In 2003-04, the Providence Singers expanded its programs to include an educational program for high school students. Founded collaboratively with the Music School of the Rhode Island Philharmonic, the Junior Providence Singers is now a 15-week intensive choral training and performance program administered by the Providence Singers at the Philharmonic's Carter Center for Music Education.
The Providence Singers takes the lead in bringing new choral works to the Rhode Island community. In 1998, the Providence Singers commissioned and premiered Wachner's Sometimes I Feel Alive (selected as first prize winner in the 2000 Boston Choral Consortium Composition Competition and in the 2001 Cambridge Madrigal Singers Competition); offered the world premiere of Providence composer Elaine Bearer's Magdalene Passion in 1999; commissioned and premiered a major new choral/orchestral work, Proud Music of the Storm, by Carlyle Sharpe on November 3, 2001; commissioned and premiered Trevor Weston's Ma'at Musings in 2005; premiered Dave Brubeck's The Commandments in 2005; and in 2006 premiered Julian Wachner's Jubilate Deo (commissioned by Patricia Fuller, Singers Board Chair), for triple chorus and children's choir a cappella. The latest commission, Tarik O'Regan's Where All Is Buried, will have its premiere in November 2009.
The National Endowment for the Arts selected the Providence Singers to host one of seven American Masterpieces Choral Festivals in 2007. This included a weekend of choral music and workshops. As part of that weekend, the Singers and their guest choral organizations presented the world premieres of three newly commissioned works.

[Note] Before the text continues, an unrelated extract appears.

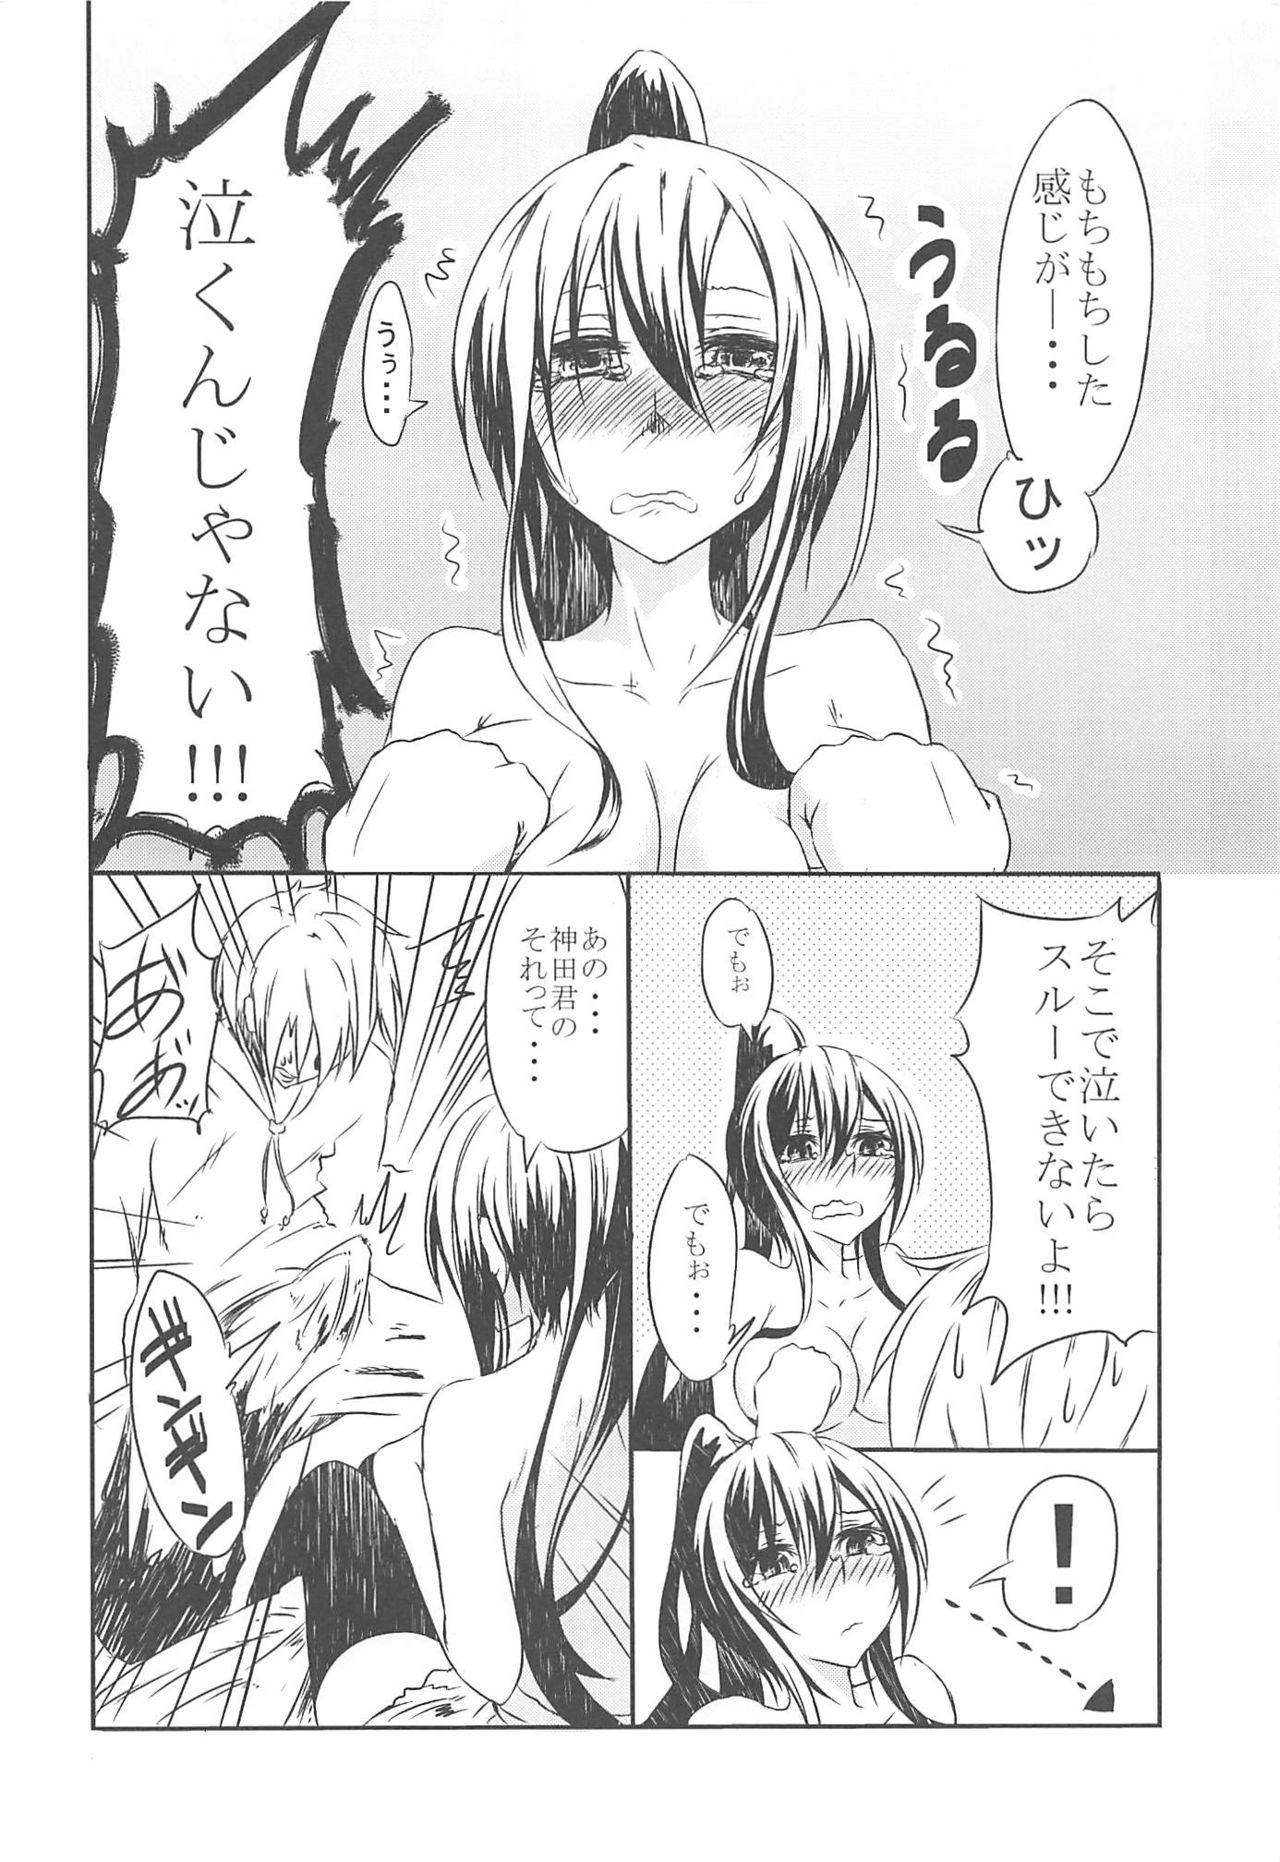 Screaming Sakurasou no Ecchi na Kanojo - Sakurasou no pet na kanojo Perra - Page 5

The Arts and Business Council of Rhode Island honored the Providence Singers with its 2008 Jabez Gorham Award which recognizes outstanding arts/cultural organizations in Rhode Island for unwavering commitment to excellence, significant impact in the community, and successful organizational development.
The Providence Singers' first CD recording, Lukas Foss: The Prairie, was released in 2008 on the BMOP/sound label. A second CD, Dominick Argento: Jonah and the Whale, is scheduled for release in November 2009 also on the BMOP/sound label.